アパート経営で相続税対策ができるという宣伝文句をよく見かける。その結果か、アパートがたくさんでき、空室率も上がっているようだ。アパート経営でつまずく人も増えているだろうし、相続税対策になっているかも疑問である。本当に有効な相続対策は他にないだろうか。

アパート乱立の背景にある相続税対策の理屈

相続対策,賃貸経営
(写真=PR Image Factory/Shutterstock.com)

なぜ相続税対策が注目を集めたのだろうか、そしてアパート経営がどのような理屈で相続税対策になるのであろうか? 相続税は財産を相続した際に課税されるが、相続財産から相続したローン等を差し引いた金額(課税価格)が、相続税法で決められた基礎控除額以下であれば課税されない。

基礎控除額は2014年まで5000万円+1000万円×法定相続人の数であったが、2015年以降はその6割にあたる3000万円+600万円×法定相続人の数に下がった。法定相続人が亡くなった人の妻・子1人であれば、法定相続人は2人のため7000万円から4200万円まで下がったことになる。

このため相続税の節税策が注目されることとなったが、相続財産で大きなウエートを占めるのが不動産である。不動産は自分で居住するものと他者に貸しつけるものでは財産評価額が変わる。

居住用住宅等、貸しつけない形の不動産評価額をAとすれば、貸付不動産の評価額はA×賃貸割合×借家権割合(×借地権割合)だけ減少する(借地権割合をかけるのは土地のみ)。
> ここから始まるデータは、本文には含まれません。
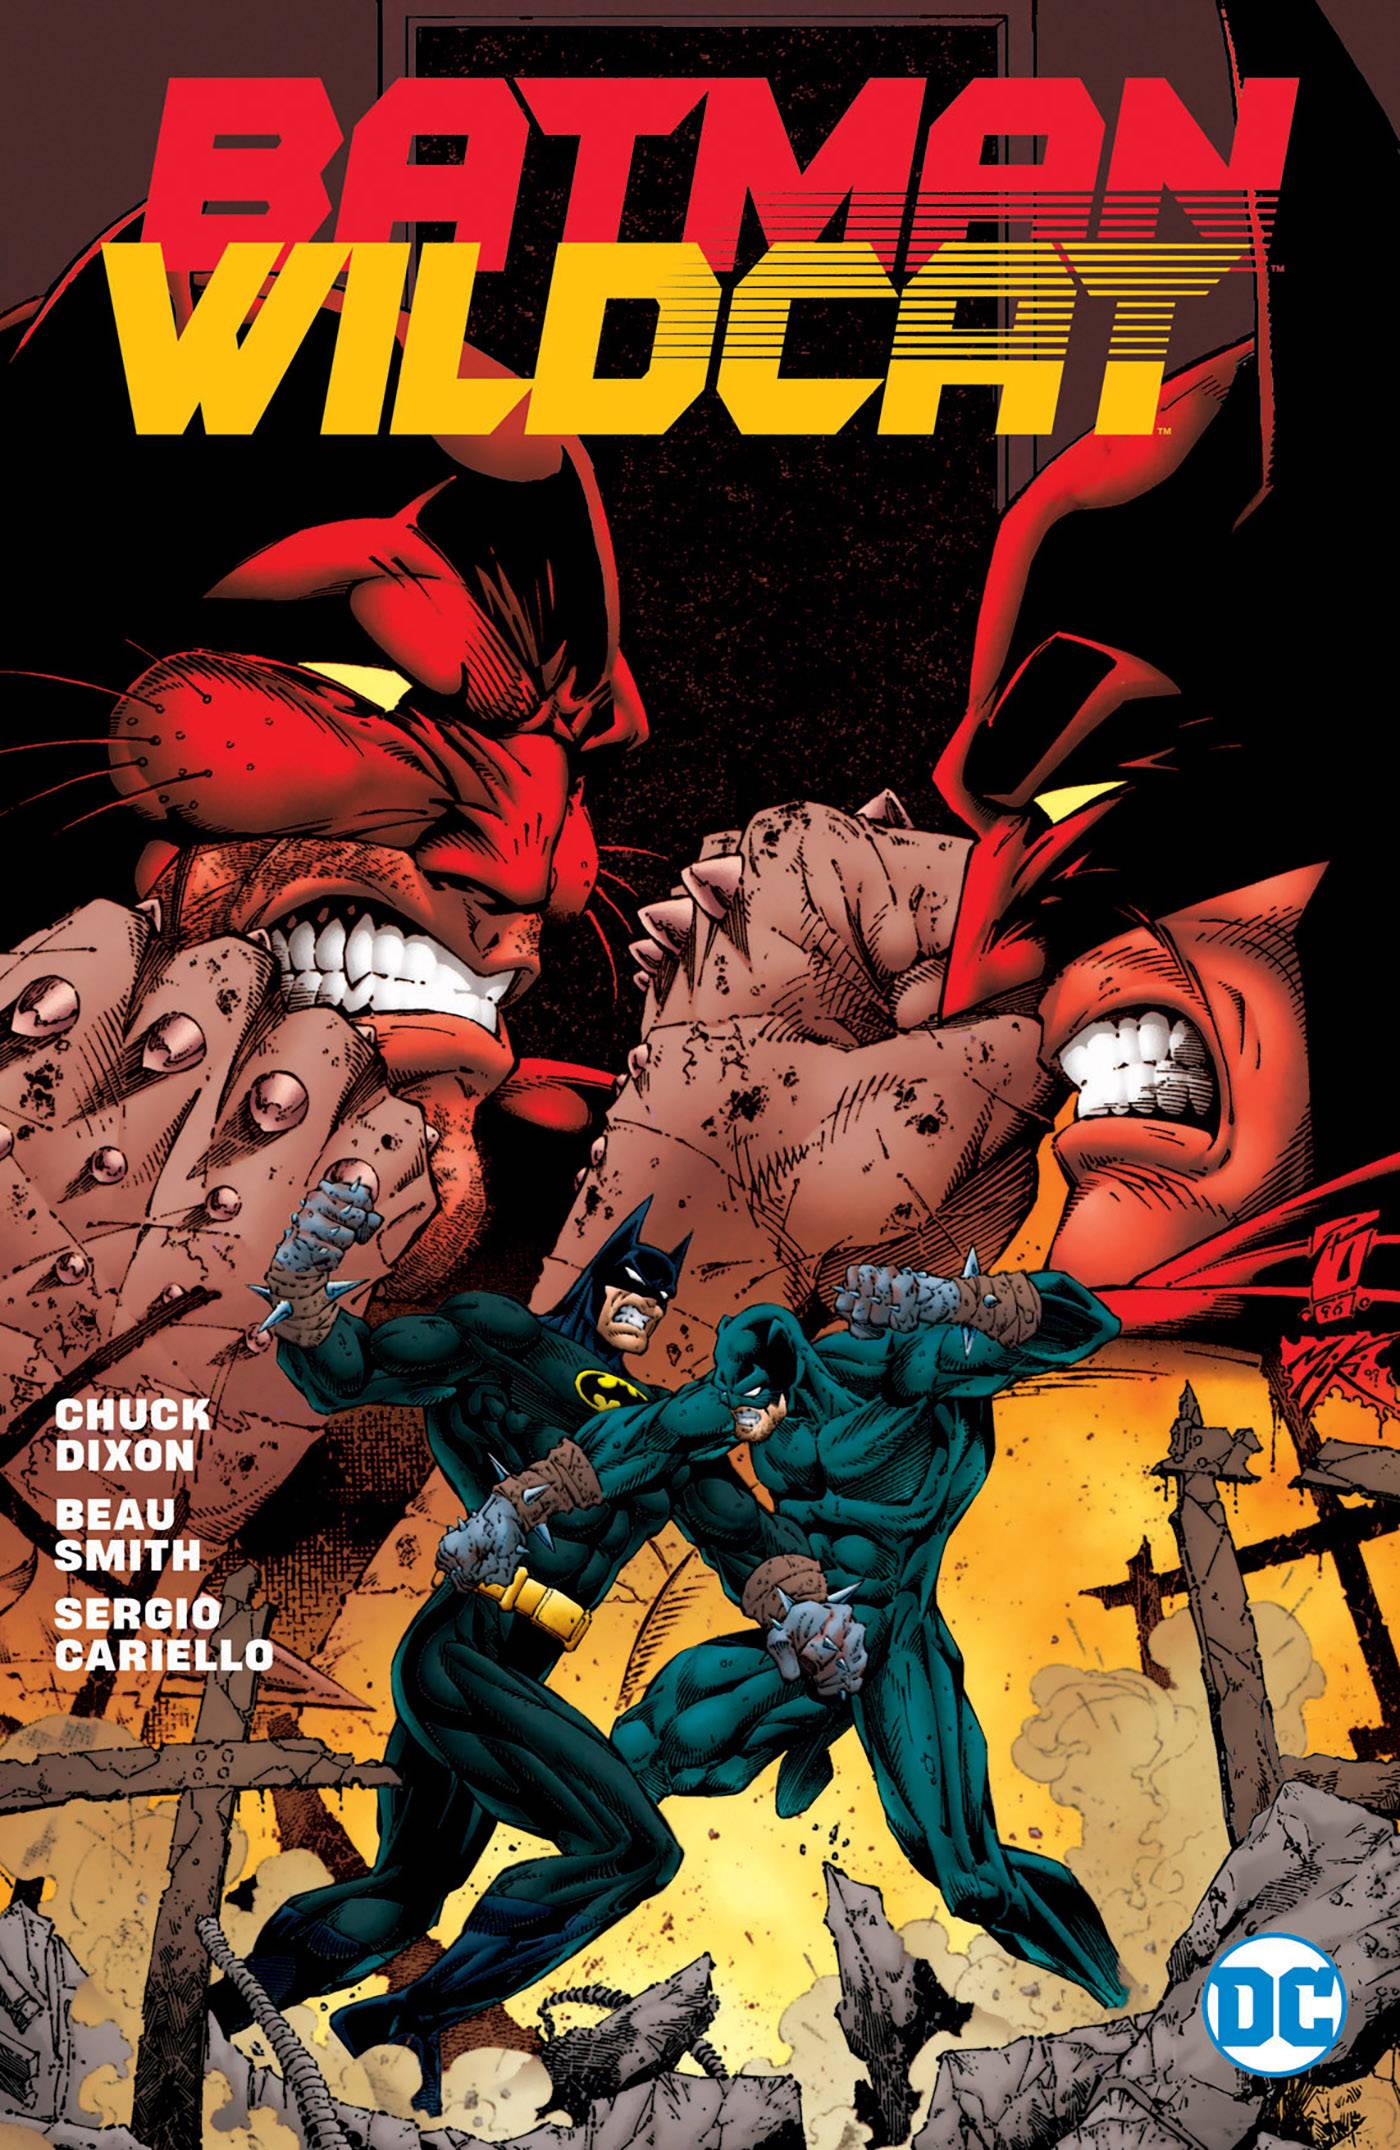 Batman Wildcat Graphic Novel

借家権割合は原則30%、借地権割合は地域によって異なり30%〜90%(都市部では70%前後が多い)である。

貸しつけない形での土地評価額が1億円・建物評価額が8000万円、借地権割合が70%、賃貸割合が90%の場合を考える。貸付用土地の評価額は1890万円減少し8110万円となり、貸付用建物の評価額は2160万円減少し5840万円となる。

ただ貸付不動産はお金を生むもの。賃貸「経営」なので、お金が増えるか減るかは経営能力次第だ。増えれば相続財産の増額要因となる。

また賃貸割合に応じて不動産評価額の減額幅も変わるので、経営がうまく行かず空室が増えるほど、不動産評価額の減額幅は減ることになる。結局アパート経営がうまく行っても行かなくても、想定していたような相続税対策になりうるのかは疑問である。